The accumulation of all this leads to Corrab willing to let down his weapons, instead of fighting for a cause that would commit these horrors. When Fiddler’s squad enters the temple, all Corrab wants is to make sure the kids get out of the city. Disillusionment with the cause finally lets him move past it to accept help from people he would have never even given the chance to speak before. Fiddler’s compassion for Corrab breaks his inner barriers fully. Corrab helps carry Fiddler across the ruins below Y’ghatan, staying behind with Fiddler despite the rest of the trapped squads having little faith Corrab won’t kill Fiddler. The bonding the two do through the journey is very poignant to me, Fiddler’s judge of character, and Corrab’s opening up despite his previous beliefs. Found family as a theme has always affected me greatly, and with it being forged in a literal hellscape after the breaking down of a previous family.

Last on the list is the crawl through the tunnels / ruined city below Y’ghatan to escape. With multiple squads converging at the temple, only to find that Leoman had already escaped. There was no actual reason for any of this anymore, to the Empress the siege will be akin to a failure, to followers of the Apocalypse, Leoman will be a matyr who rained Malazan blood. But down here, where the only danger is the unknown is where Bottle shined.

Up till this point, we’ve gotten Bottle’s POV a few times here and there. His ability to use the Holds is extremely interesting, and he’s done a few good jokes. In this seige is where he where I fell in love with his character. Bottle has an ability to essentially transfer his soul to animals around him. He’s been able to communicate to them this whole time, but this came as a huge shock. He uses the ability to bond with a rat, who’s trying to escape as well but in the way rats do where it just runs away from people to somewhere it doesn’t know. The remaning squads all follow a Bottle who is half there in his own body, and half in the rat. Bottle is described as drooling here and crawling here and I thought it was funny.

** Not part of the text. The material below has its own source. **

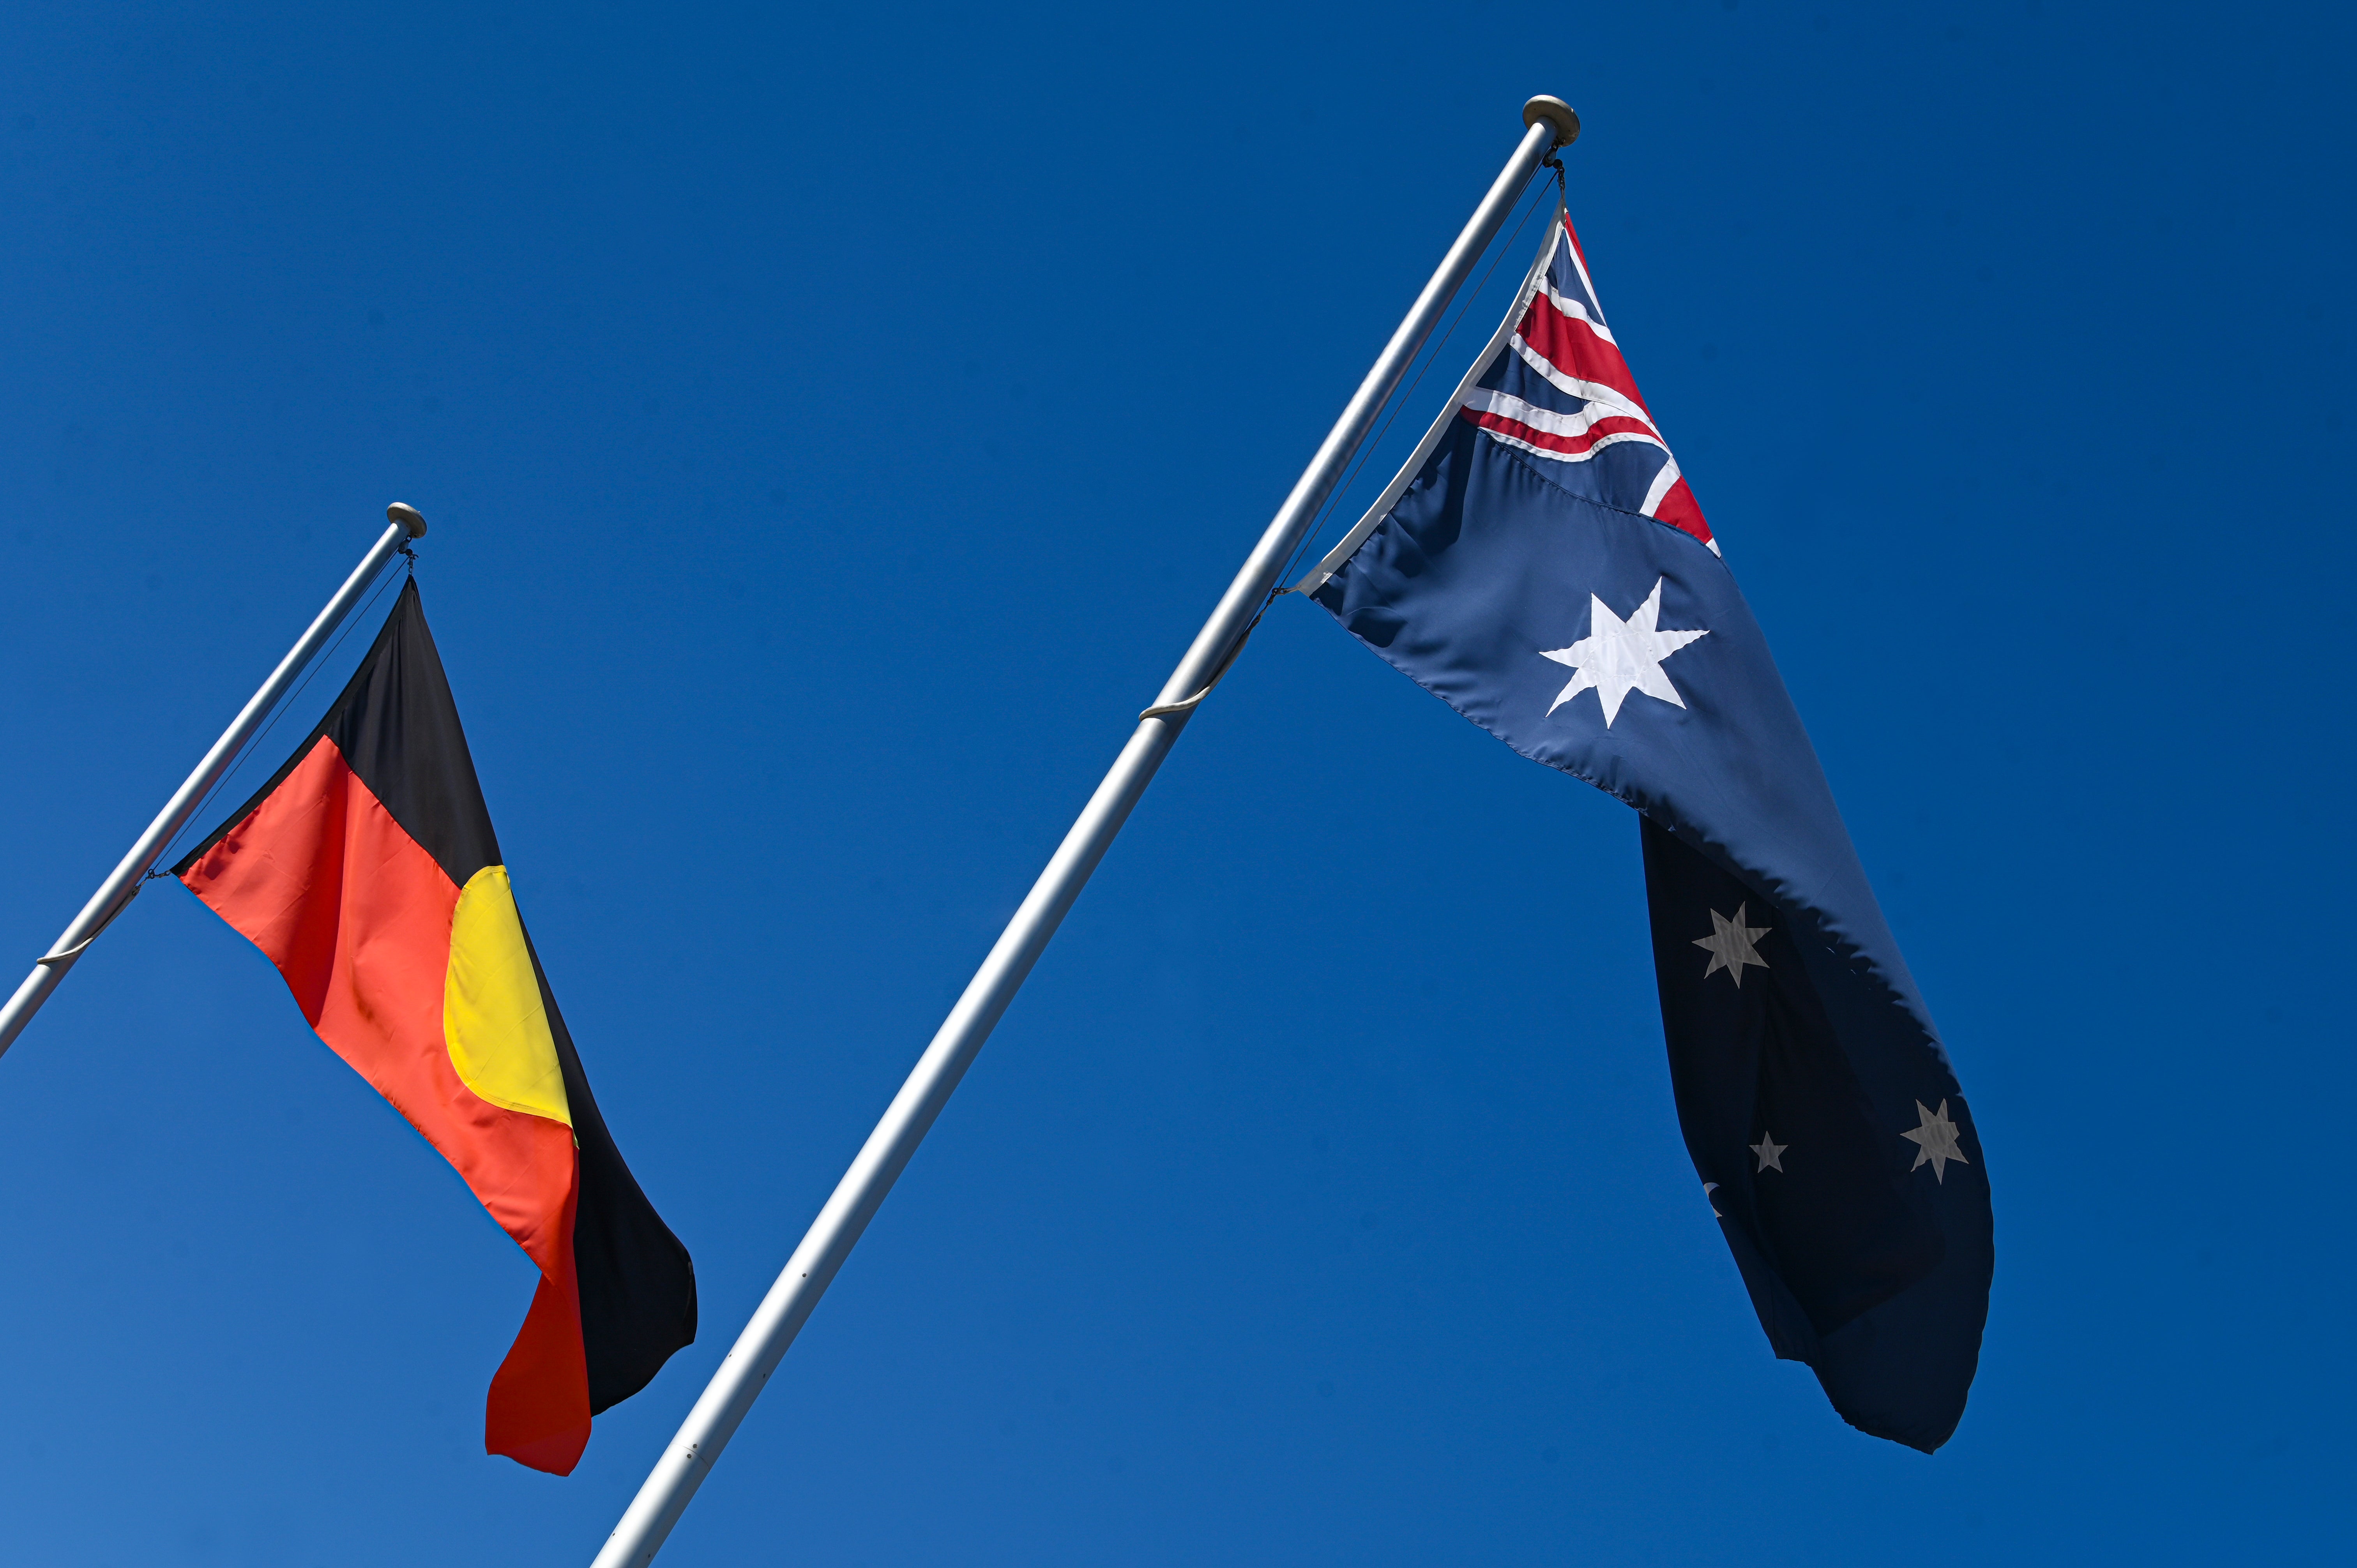 An Australian Aboriginal flag flies next to the Australian national flag in Canberra

During this crawl we get to see more of what the squad members are like and how they react to the kids. Some treat them kindly, otheres tell the kids to shit on the soldiers behind them, so theres a good variety here. Something I adore here is how alive the entire squad feels, we get perspectives, thoughts, and memories of a select few characters here and there, which in turn gives this sense of humanity to all of them. It’s not just a generic cast of soldiers down there, its multiple squadrons who have the chance to escape the fires of hell and rise from its ashes. But it’s not over yet. With no food, no water, and no obvious exit the squads are stuck underground for a few days. They eventually reach some of the ancient cities honey pots. As soon as Bottle reaches it, he starts munching without thinking too much, and soon basically everyone else follows. They all end up passing out and having these lucid dreams that all involve a higher power of sorts. Fiddler sees the ghost of Hedge, Bottle talks to the Eres’al, Smile dreams of her drowned twin sister. Something of note with Smile is the fact that she grew up around Mael worshippers, with knowedge from the last book of how Mael feels about them, it’s no wonder these worshippers kind of sucked.